True osteogenic factors capable of inducing the above-described cascade of events that result in endochondral bone formation have now been identified, isolated, and cloned. These morphogenic and mitogenic proteins, which can also occur in nature as peptides, are referred to in the art as “osteogenic” proteins, “osteoinductive” proteins, and “bone morphogenetic” proteins. Whether naturally-occurring or synthetically prepared, these osteogenic proteins, when implanted in a mammal typically in association with a substrate that allows the attachment, proliferation and differentiation of migratory progenitor cells, are capable of inducing recruitment of accessible
progenitor cells and stimulating their proliferation, inducing differentiation into chondrocytes and osteoblasts, and further inducing differentiation of intermediate cartilage, vascularization, bone formation, remodeling, and finally marrow differentiation. Those proteins are referred to as members of the Vgr-1/OP1 protein subfamily of the TGF-β super gene family of structurally related proteins. Members include the proteins described in the art as OP1 (BMP-7), OP2 (BMP-8), BMP2, BMP3, BMP4, BMP5, BMP6, 60A, DPP, Vgr-1 and Vgl. See, e.g., U.S. Pat. Nos. 5,011,691 and 5,266,683; Ozkaynak et al. (1990) EMBO J. 9:2085-2093; Wharton et al. (1991) PNAS, 88:9214-9218; Ozkaynak (1992) J. Biol. Chem., 267:25220-25227; Celeste et al. (1991) PNAS, 87:9843-9847; and Lyons et al. (1989) PNAS, 86:4554-4558. These disclosures describe the amino acid and DNA sequences, as well as the chemical and physical characteristics of these proteins. See also Wozney et al. (1988) Science, 242:1528-1534; International Publication No. WO93/00432 (BMP 9); Padgett et al. (1987) Nature, 325:81-84 (DPP); and Weeks (1987) Cell, 51:861-867 (Vg-1).
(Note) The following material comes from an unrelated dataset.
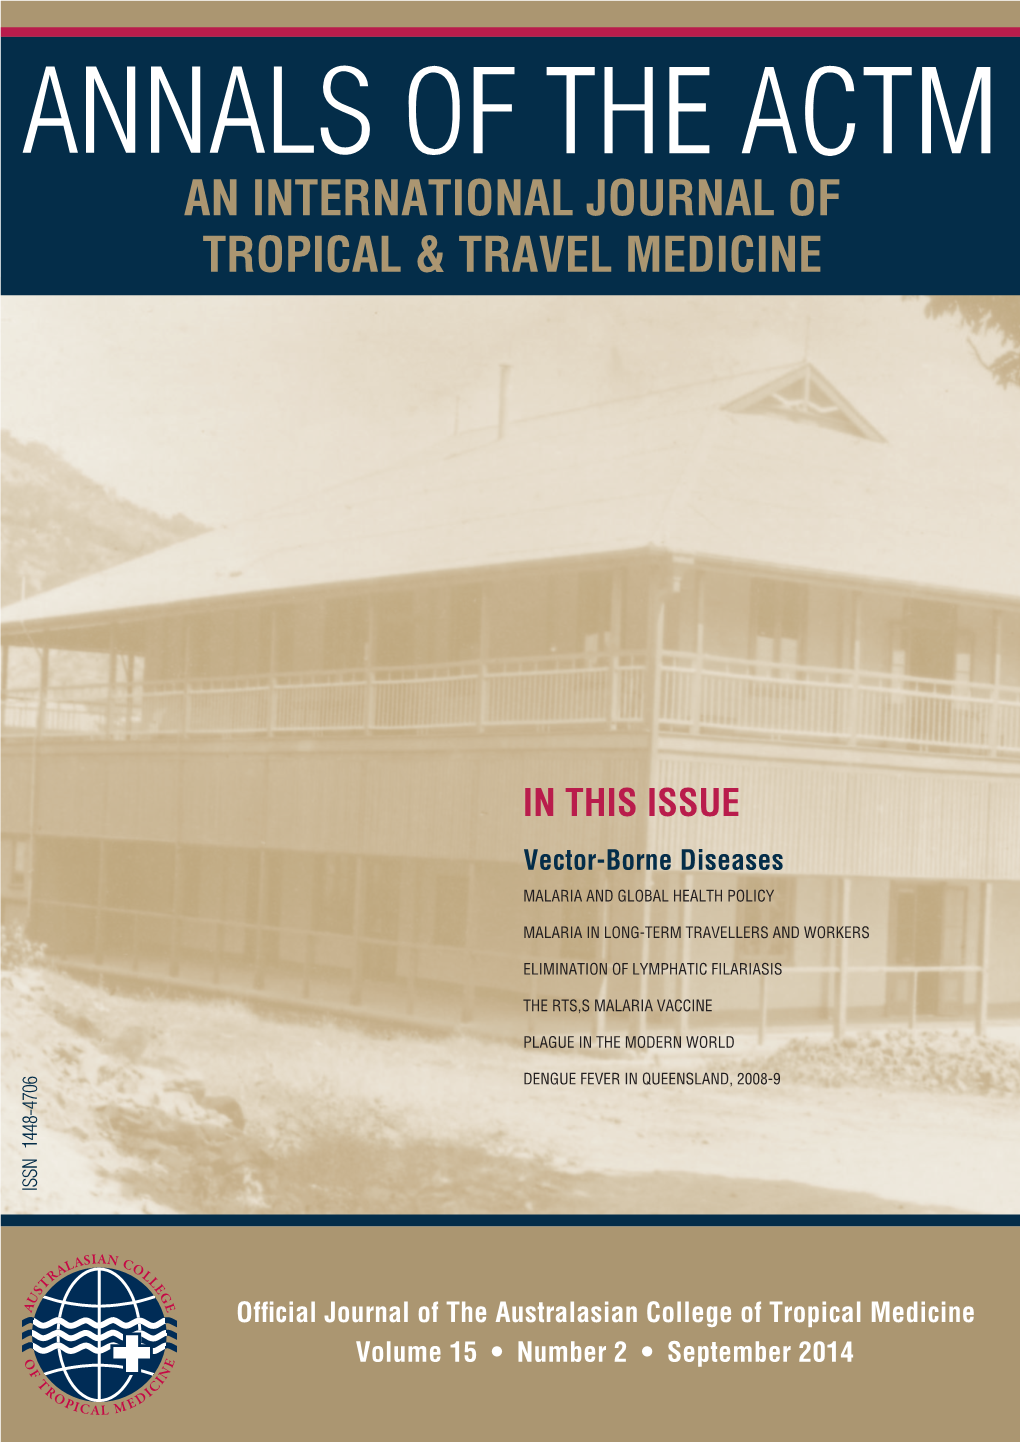 Annals of the Australasian College of Tropical Medicine September 2014

However, to date, obtaining solid implants that are loaded with active agents such as osteogenic proteins have been difficult, in part due to sterility and shelf-life issues. Disadvantages associated with prior art active agent-loaded implantable devices include, the limited shelf life of such devices, the fact the active agent is easily degraded when the device is sterilized (e.g., by heat or by exposure to ethylene dioxide), and the inability of a physician to alter the dosage to which a patient is subjected by implantation of the device. Additionally, the cost of prior art active agent-loaded implantable devices has been very high, as it necessarily includes the costs associated with the stringent regulatory requirements attendant a drug containing device.
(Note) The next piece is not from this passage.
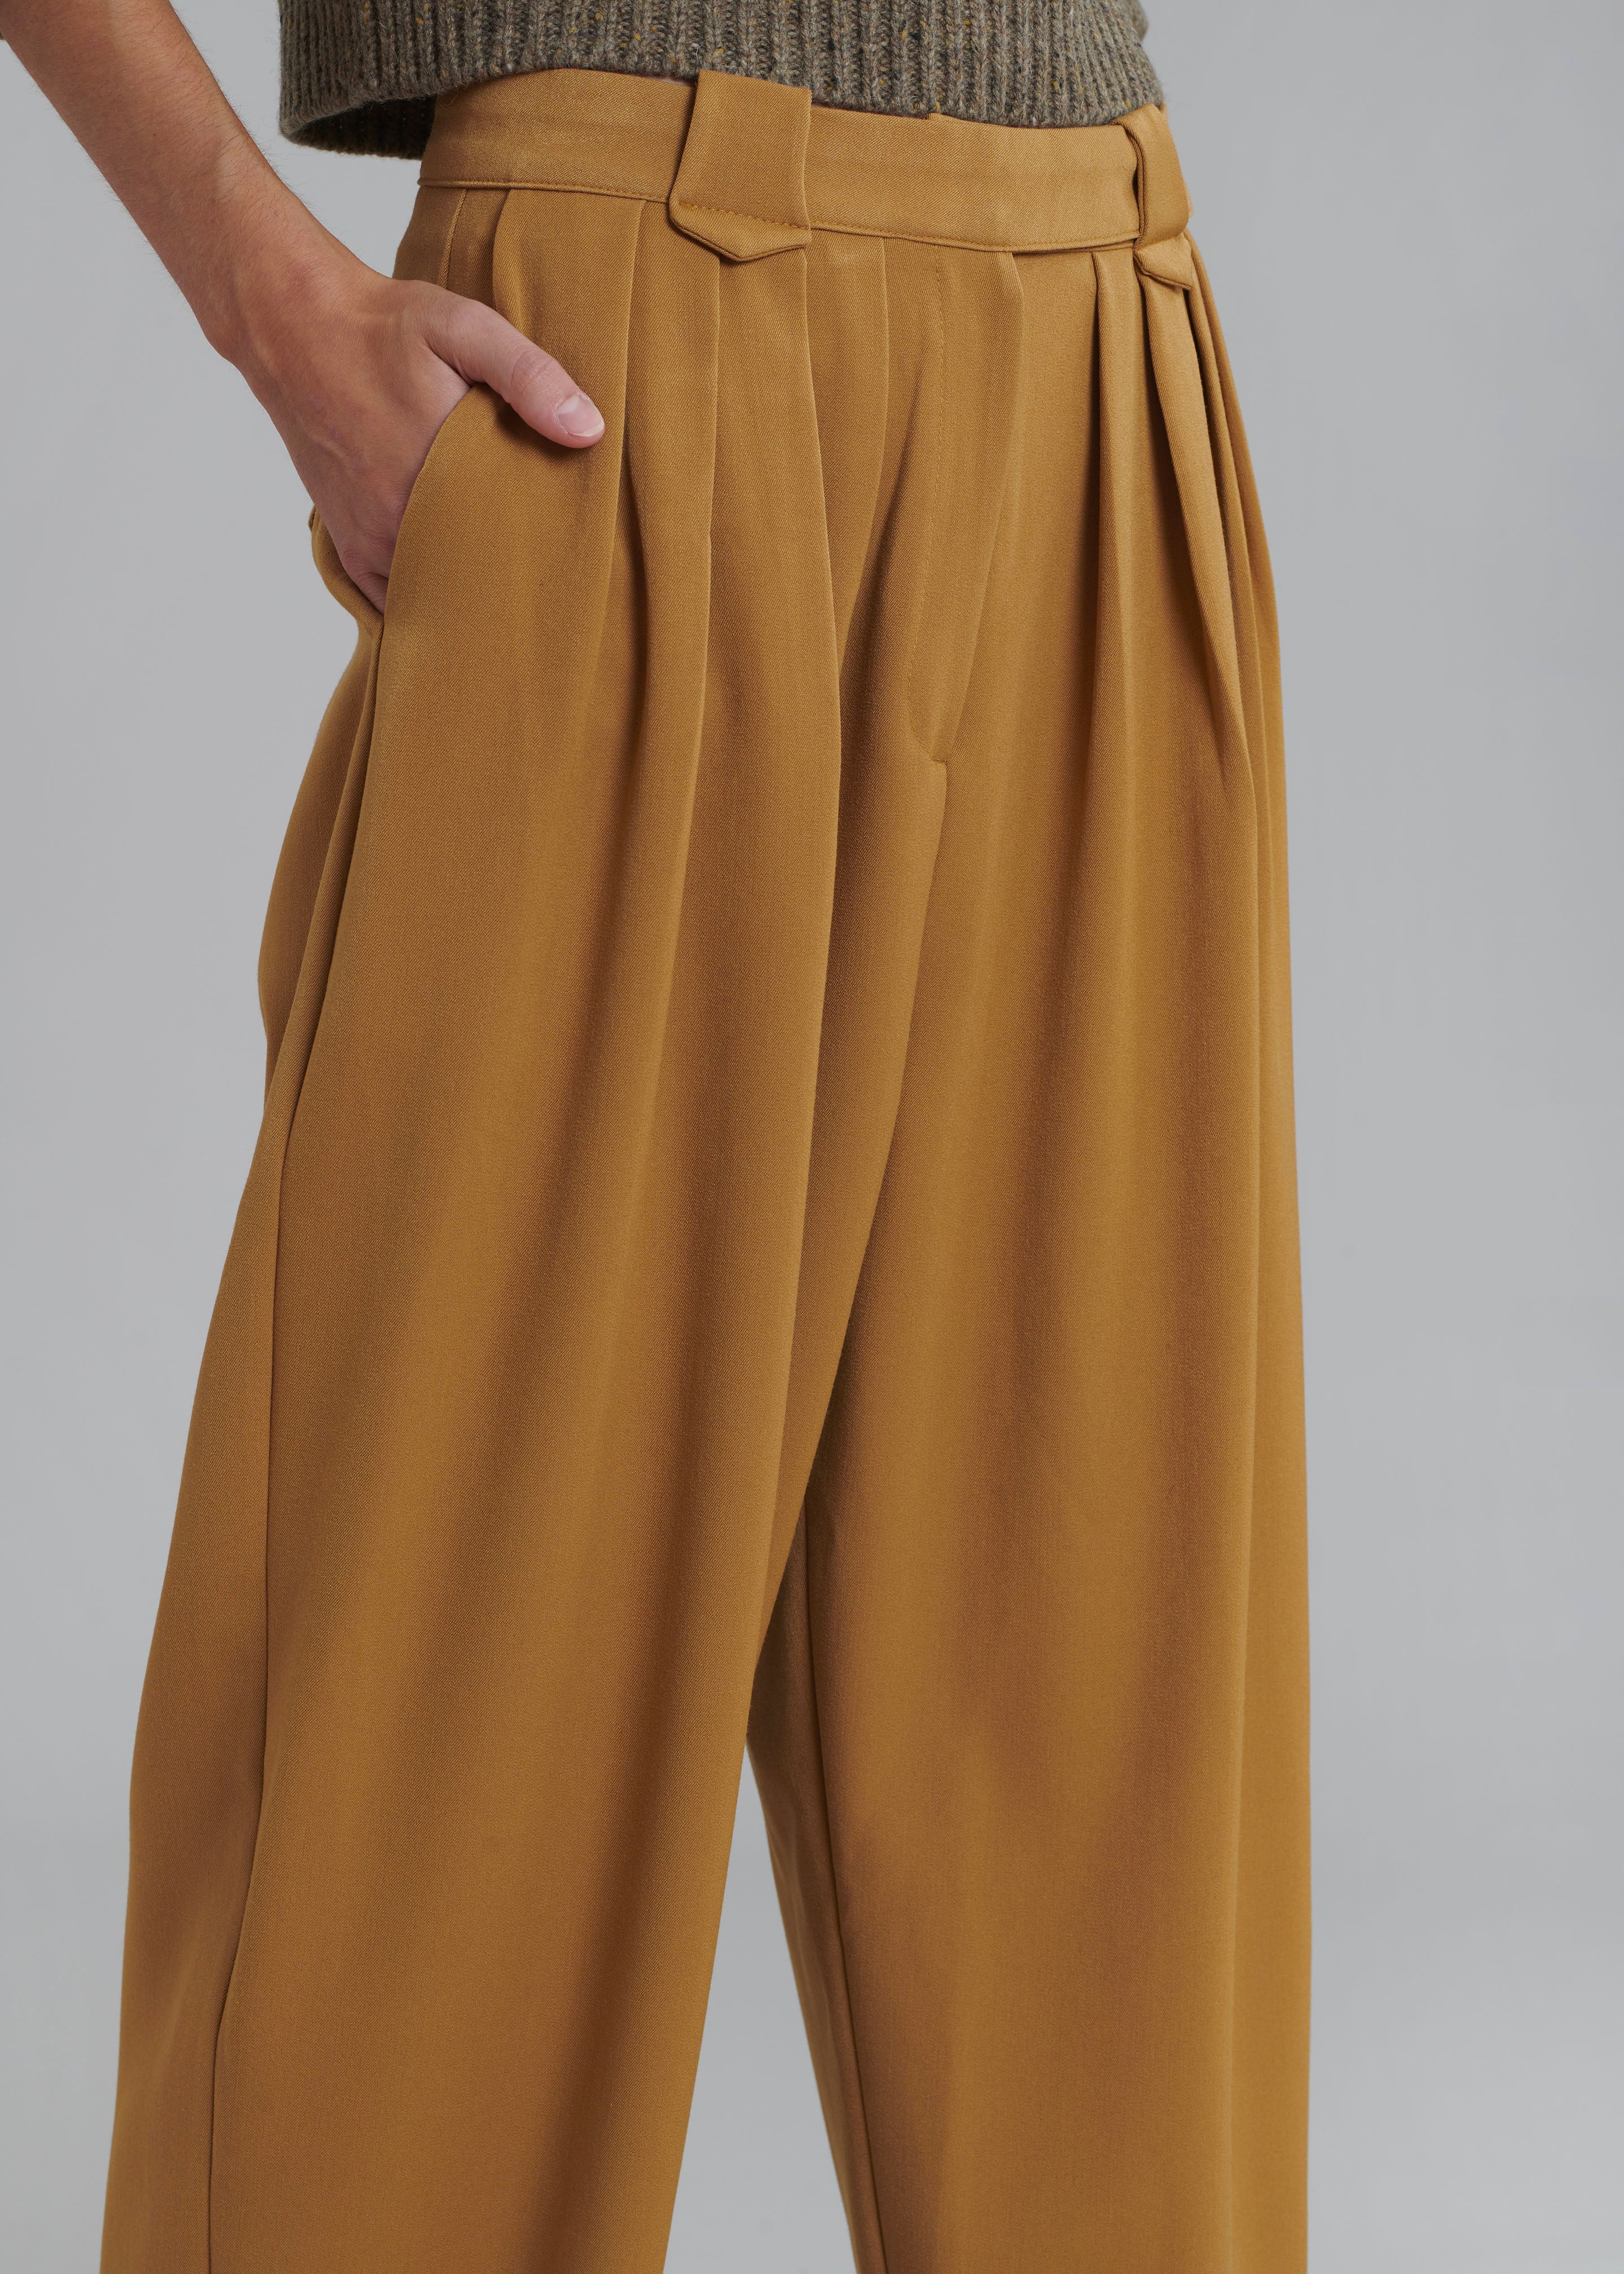 Luce Pleated Pants - Ginger - 3

The prior art has been unable to overcome these disadvantages and shortcomings and a new approach is needed to safely, effectively, and economically deliver an active agent to an implantation site. The present invention, as described below, offers one such approach.

SUMMARY OF THE INVENTION

One aspect of the invention relates to a method of forming a sterile active agent-loaded implant including: providing a sterile implant, optionally having a coating layer, having a surface that is capable of physically and/or chemically associating with an active agent; providing a sterile composition containing an active agent and optionally a carrier, a solvent, or both; and contacting the sterile implant or coating layer surface with the sterile active agent-containing composition, so that the sterile implant at least partially physically and/or chemically associates at least with the active agent, and optionally with the carrier and/or solvent, thus forming an active agent-loaded sterile implant.
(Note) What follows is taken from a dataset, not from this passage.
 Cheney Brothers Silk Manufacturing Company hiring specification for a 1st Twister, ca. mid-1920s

Advantageously, the sterile active agent-containing composition can include a carrier, a solvent, or both. In one embodiment, the solvent comprises water. In another embodiment, the active agent can include an antibacterial agent; an antiviral agent; an osseointegrative, osteoconductive, and/or osteoinductive agent; or a combination thereof. In another embodiment, the active agent can include a mitogenic growth factor, a morphogenic growth factor, an osteoclast inhibitor, an antiinflammatory agent, or a combination thereof.
In still another embodiment, the coating layer comprises hyaluronic acid, a hyaluronate salt, a (co)polymer containing alkylene oxide repeat units, or a combination thereof. In yet another embodiment, the coating layer comprises a hydrophilic (co)polymer, a water-swellable (co)polymer, or both.
In another embodiment, the step of providing the sterile implant includes sterilization of a non-sterile implant through exposure to heat, radiation, chemical treatment, or a combination thereof. In another embodiment, the step of providing the sterile active agent-containing composition includes sterilization of the non-sterile active agent-containing composition through exposure to heat, filtration through a sub-micron filter, or a combination thereof.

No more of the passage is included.